Saya mencari bahan untuk pakaian tersebut di daerah Tanah Abang dan saya menemukan bahan bernama Driel untuk bahan jas yang berwarna coklat, yang sekarang banyak digunakan untuk baju kantoran, tetapi bahan tersebut sangat cocok untuk dibuat menjadi baju, topi dan tanda pangkat tentara.

Sedangkan untuk sepatu, kami memesan sepatu kulit khusus yang kami pesan di Bogor. Begitu juga ikat pinggang, terbuat juga dari kulit. Dan semua kostum tersebut dibuat untuk 150 pemain tambahan.

Tanya: Dalam film ruma Maida terlihat bahwa antara sepatu dan celana panjang tentara tersebut, dililit kain di daerah pergelangan kaki, apakah hal itu memiliki makna khusus?

Jawab: Ya, saya tidak tahu dengan jelas, makna bagian tersebut apa, tetapi saya pikir adalah kaus kaki. Saya berusaha meniru dan membuat sehingga tampak nyata, sehingga saya mengakalinya dengan melilitkan kain sebesar 4 cm mengikuti kaki dan dililitkan dengan kencang.

Tanya: Untuk penggambaran Issac Pahing kecil, mengapa digambarkan bahwa ia memakai pakaian seperti pakaian militer?

Jawab: Dalam cerita dikisahkan bahwa Issac Pahing merupakan keturunan orang asing yang bercita-cita ingin menjadi penerbang. Issac pahing digambarkan dalam balutan pakaian angkatan udara, dan dikesankan rapi sehingga terlihat sebagai anak berpendidikan atau anak bangsawan.

Tanya: Bagaimana dengan pakaian Bertha dan Hans Smutcher?

Jawab: Bertha digambarkan menggunakan baju terusan, hal ini menggambarkan kalau ia adalah orang kalangan atas dan bukan orang asli Indonesia, karena orang asli Indonesia biasanya menggunakan kebaya dan kain sarung.Sedangkan Hans

Smutcher digambarkan menggunakan Suspender untuk menggambarkan orang Belanda zaman dulu.

Tanya: Berdasarkan hasil riset yang saya lakukan, seharusnya para pemimpin Sumpah Pemuda menggunakan jas, tetapi hal ini tidak tergambarkan dalam film, apakan Anda memiliki alasan tertentu?
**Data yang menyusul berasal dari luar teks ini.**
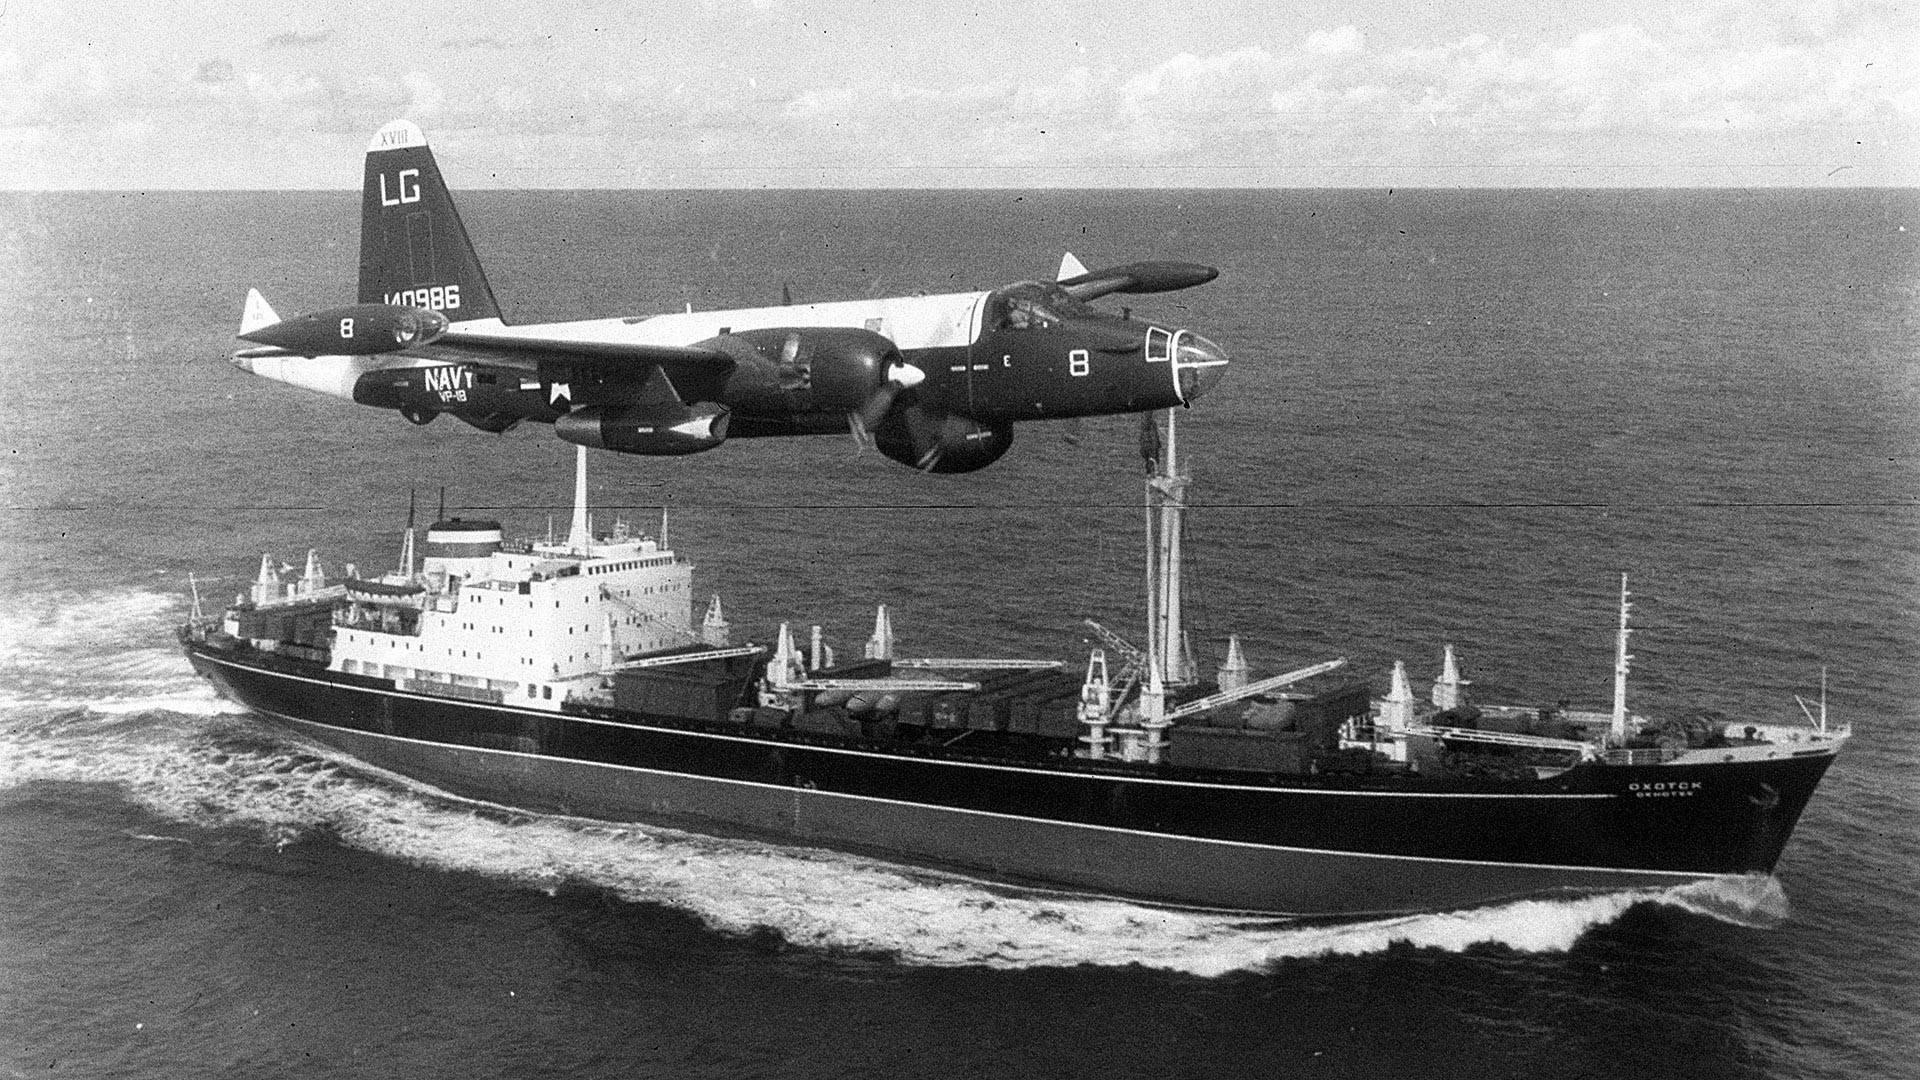 Američki patrolni avion P2V Neptun leti nad sovjetskim teretnim brodom tijekom Kubanske raketne krize.

Jawab: Ya, saya mengakui pada bagian ini saya seperti blank. Saya terlalu banyak memfokuskan riset mengenai pakaian tentara Jepang, Soekarno, Hatta, dan Jendral Maida. Hal ini juga berkaitan dengan waktu untuk riset yang tidak sampai empat bulan dan sangat mepet, serta terbatasnya budjet untuk membuat jas untuk pemain ekstras. Tetapi saya rasa pada bagian ini dapat dilihat bahwa adegan tersebut cukup menggambarkan gerakan pemuda dan bagaimana semangat pemuda saat itu.

Tanya: Menurut riset yang saya dapatkan, pada topi penerbang Indonesia yang ada di dalam pesawat Dakota VT-CLA, terdapat titik tiga seperti kancing, tetapi hal itu tidak terlihat dalam film Ruma Maida, apakah ada alasan khusus atau sengaja dibedakan agar tidak terlalu sama dengan kostum AURI pada masa terebut?

Jawab: Mungkin yang buatnya kurang perhatiin, karena saya sudah kasi gambaran tentang topi penerbang itu. Itu topi kita buat dan jait. Karna lumayan banyak, jadi mungkin faktor waktu juga berpengaruh.

Tanya: Menurut Anda, apa kesulitan dalam membuat film sejarah?

Jawab: Saya mendapat tekanan bahwa ini adegan sejarah, dan ini tidak boleh salah. Risetnya harus benar-benar dan kalau bisa, semaksimal mungkin, apa yang disuguhkan adalah kejadian yang benar-benar seperti aslinya. Harus melakukan riset mulai dari bahan, sepatu, dan kondisi kostum. Maksudnya, seperti sepatu, tidak mungkin terlihat baru, harus sedikit di rusakan sehingga terkesan tua. Tetapi meski sudah dijaga agar tidak salah sedemikian rupa, masih saja ada kesalahan di satu adegan peristiwa sumpah pemuda itu.